農業者年金に加入する前にやるべき事とは? こちら←

農業者年金は後継者がいないと減らされる!?その真実とは

 

こんにちは
家計の土づくりアドバイザー西田です。

農業者年金に加入して、後継者がいないと農業者年金は減らされる。という話を聞かれた事がある方もきっと多いでしょう。

確かに、後継者がいなかったり、自分で農業続けている場合は農業者年金は減らされてしまいます。

後継者不足の問題もありますし、そもそもお子さんに農業を継がせるつもりは無いという方も結構いらっしゃいます。

 

しかし、実際は後継者がいなくても、農業者年金は自分が掛けた分は将来きちんと受け取れるようになっており、別に損をすることはありません

 

では、農業者年金が減ってしまうとはどういうことなのか。

今日はその点について詳しく説明していきたいと思います!

 

農業者年金が減る理由

農業者年金年金の年金には2つ種類があります。

①通常保険料で支払った分を農業者老齢年金として受け取る

 

②国庫補助を受けた分を特例付加年金として受け取る

 

①の農業者老齢年金は原則65歳から無条件で受け取ることができます

しかし、②の国から補助を受けて保険料を支払った方は、受け取る為に一定の条件が必要となります。

 

特例付加年金を受け取る条件

この特例付加年金を受け取る為には、いくつかの条件があります。

①保険料納付期間が20年以上・・・特例付加年金を受け取る為には20年以上農業者年金の掛け金を支払っていかなくてはなりません。農業者年金の掛け金の支払いは60歳までので、逆算すると保険料納付期間が20年以上となる40歳未満の方は国庫補助を受ける対象となります。

②65歳に達した人・・・こちらも農業者年金老齢年金と同様に原則65歳からの受給となります。

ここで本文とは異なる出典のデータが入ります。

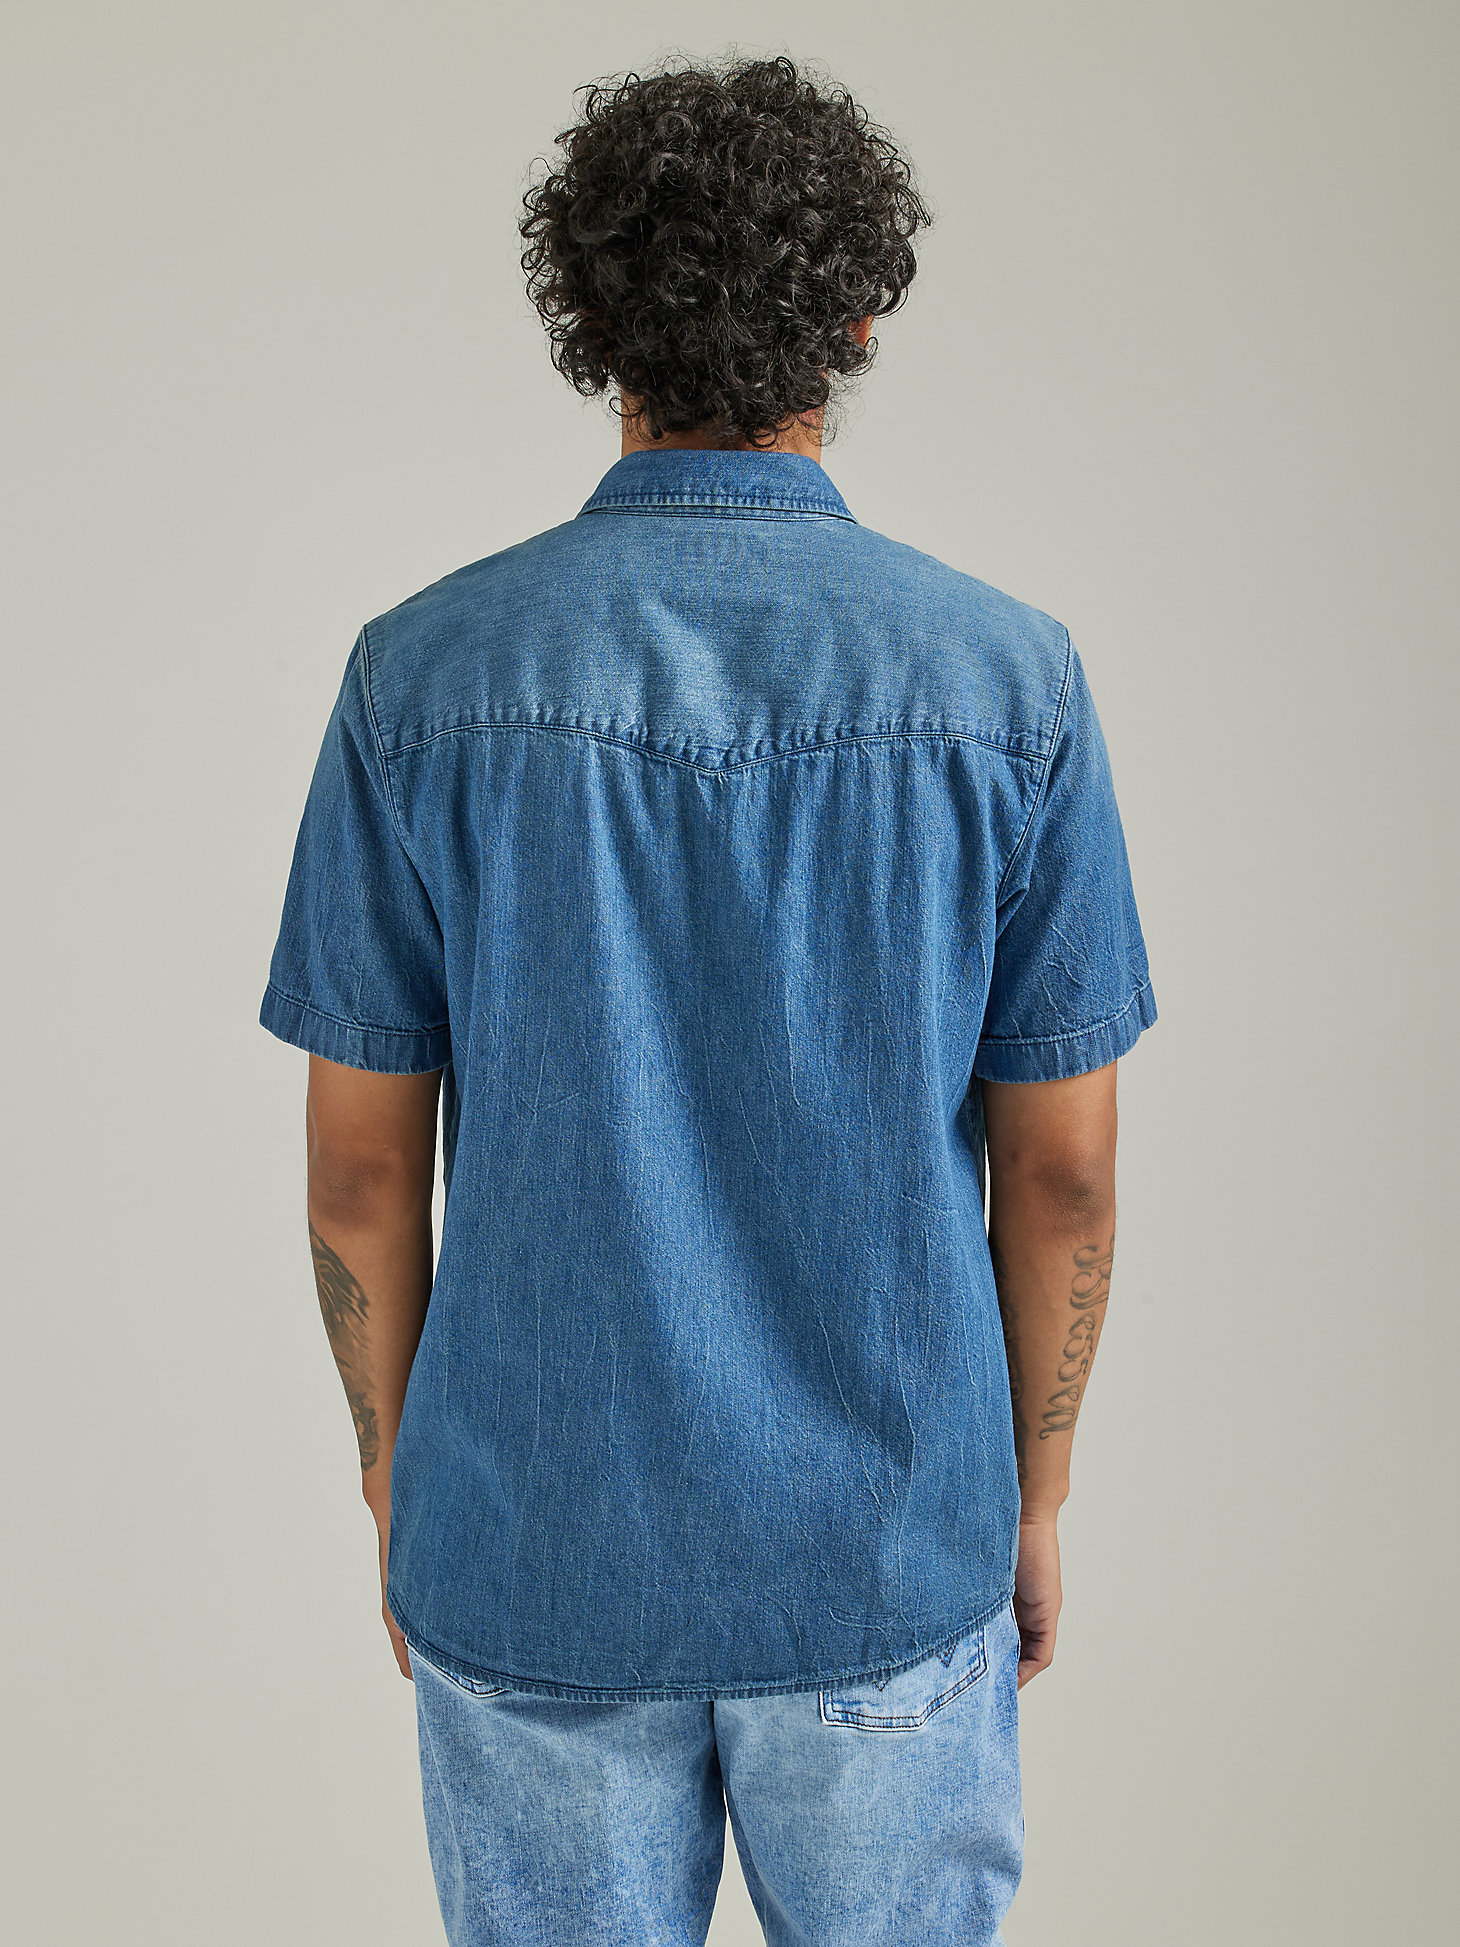 Men's Short Sleeve Western Denim Shirt in Medium Wash alternative view 1

③経営継承等の要件を満たした人・・・ご自身が農業を続けている場合は、特例付加年金は受け取る事ができません。実は後継者がいないと農業者年金が減ってしまう理由はここにあります。

となります。ここは少し詳しく見ていきましょう!

 

 

③経営継承等の要件を満たした人

この経営継承の要件とは次の3つの要件を満たすことで
「農業を営む者でなくなること」です。

①農地・採草放牧地または特定農業用施設につき、所有権または使用収益兼に基づき農業を営む者

農地等及び特定農業用施設のすべてについて、適格な第三者または後継者に対して権利移転等を行うことにより、農業経営から引退すること。

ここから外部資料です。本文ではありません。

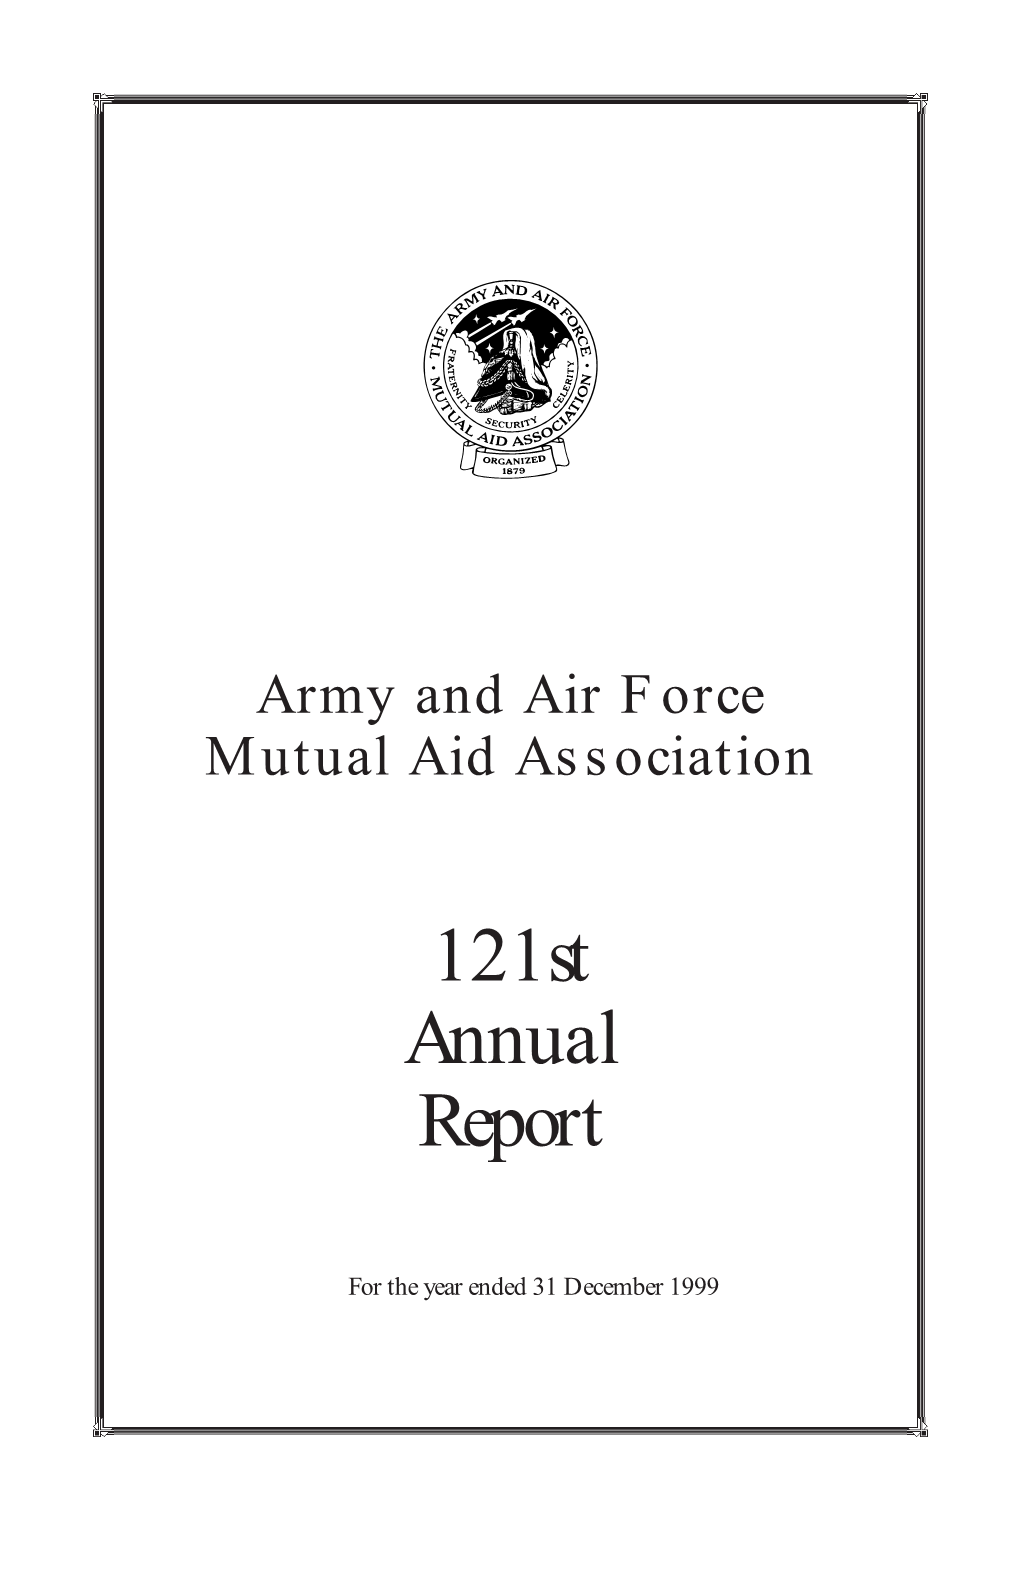 1999 Annual Report

②農地等の権利を持たず、一般農業生産施設のみにつき所有権または使用収益兼に基づき農業を営む者

一般農業生産施設を、適格な第三者や後継者に対して権利移転等を行うか、その施設について供用廃止、用途変更等の処分を行い、農業経営から引退すること。

 

③家族経営協定により経営に参画している配偶者、後継者

家族経営協定書に掲げる取決めのうち、経営関係の部分の協定を破棄する、または経営関係部分から外れるよう協定を明確化する等により、農業経営から引退すること。
※配偶者も農業者年金に加入している場合は、配偶者は家族経営協定から外れれば特例付加年金の受給対象となります。

 

要は、後継者や第三者になにかしらの形で経営の権利を譲渡した場合という事になりますね!

 

 

特例付加年金は貰えなくても大きな影響は無い

以上の条件を満たさない場合は、将来特例付加年金の受給は先送りされることになります。

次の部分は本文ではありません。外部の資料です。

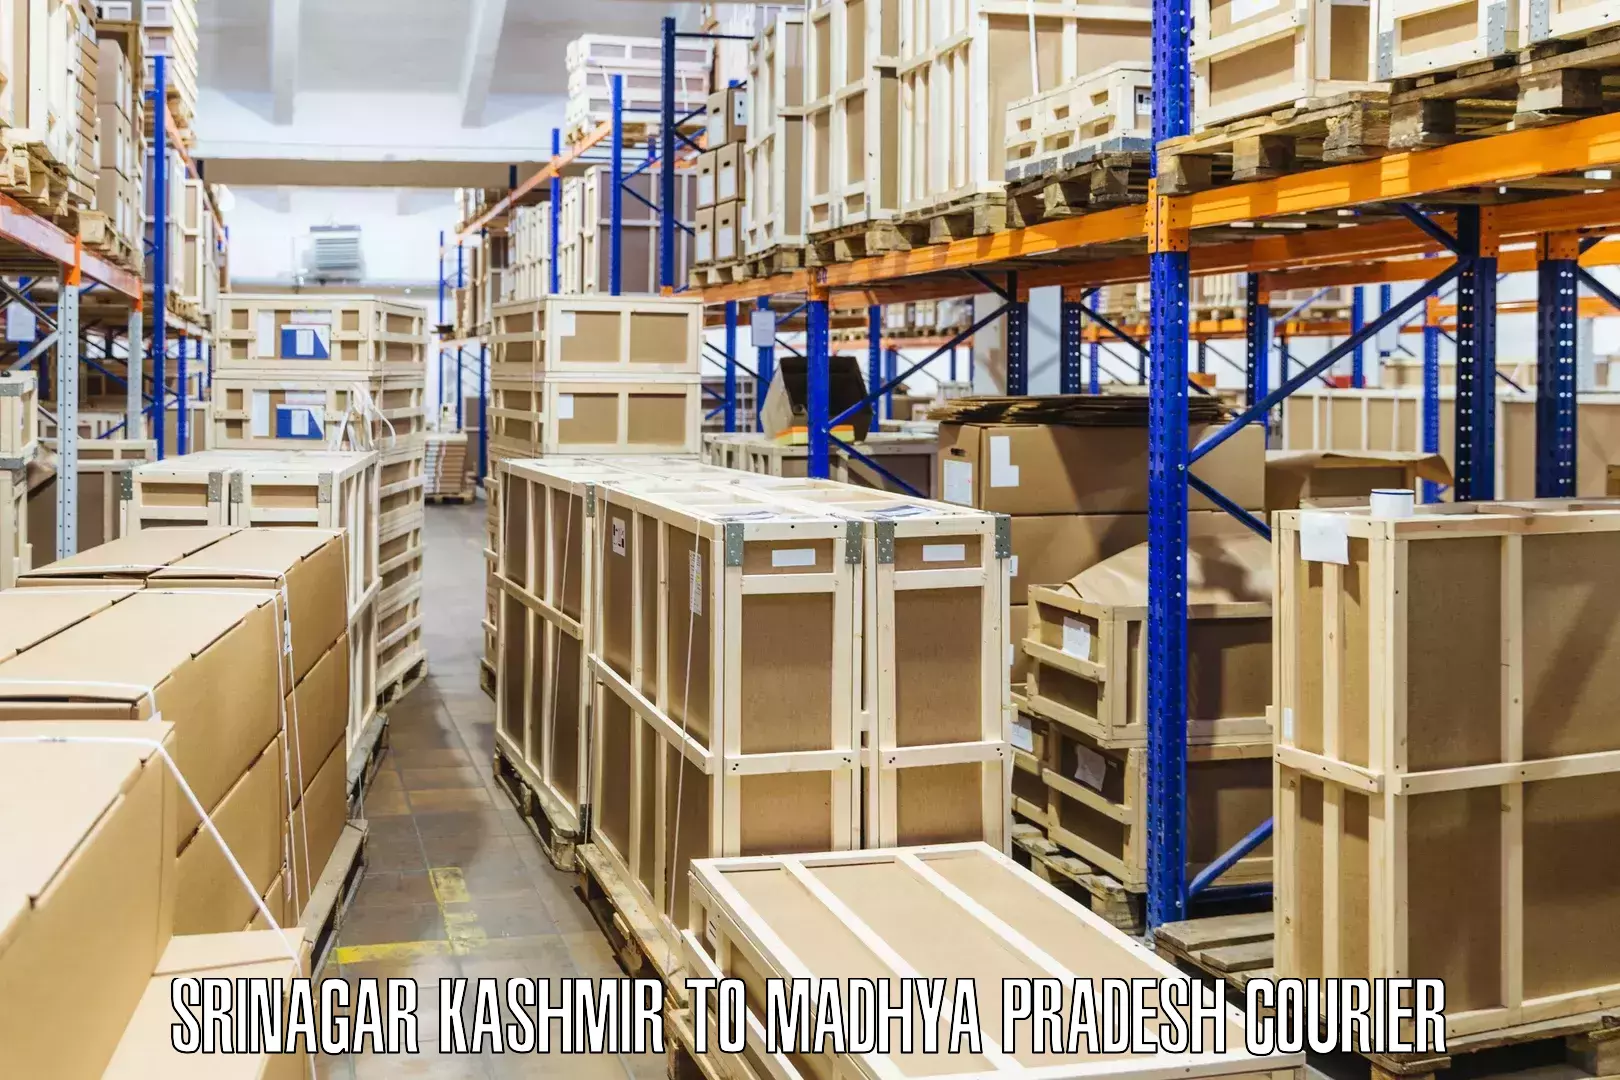 Residential courier service Srinagar Kashmir to Ratlam

その場合は、自分で保険料を支払った農業者老齢年金の分だけを受け取る事になります。

つまり経営継承をしない場合に農業者年金で受け取れないのは、国庫補助を受けた分という事になり、経営継承をしない場合は確かに農業者年金として受け取る全体の金額は減るかもしれませんが、それは国の補助の部分のみですので別に損はしていない事になりますよね。

 

特例付加年金で受け取れる金額

さらに、特例付加年金は実際には受け取れないからといって、生活が困ってしまうような金額ではありません

例えば30歳の男性が国庫補助を利用し農業者年金に加入した場合、将来受け取れる金額は

農業者老齢年金・・・41万8,600円

特例付加年金・・・・12万3,100円

合計 54万1,700円となります。

 

 

この場合、農業者年金で受け取る金額の約3/4は農業者老齢年金(自分で払った分)ですので、特例付加年金の割合はそう大きなものではありません

そもそも、経営継承をしていないという事は、まだまだ現役バリバリで農業をやっているという事なので、この特例付加年金の分が減額されても別に生活には困らないのではないでしょうか。

 

 

先送りした分も後から貰える

実は、経営継承が遅くなり特例付加年金を受け取るのが、先延ばしになった分は後から上乗せして受け取る事ができます

しかし、基本的には早めに受け取る方が有利になります。

経営継承が遅れて特例付加年金を受け取るのが遅くなった人が、それよりも早く受け取っていた人に受給額トータルが追いつくのはだいたい「95歳」の時点になります。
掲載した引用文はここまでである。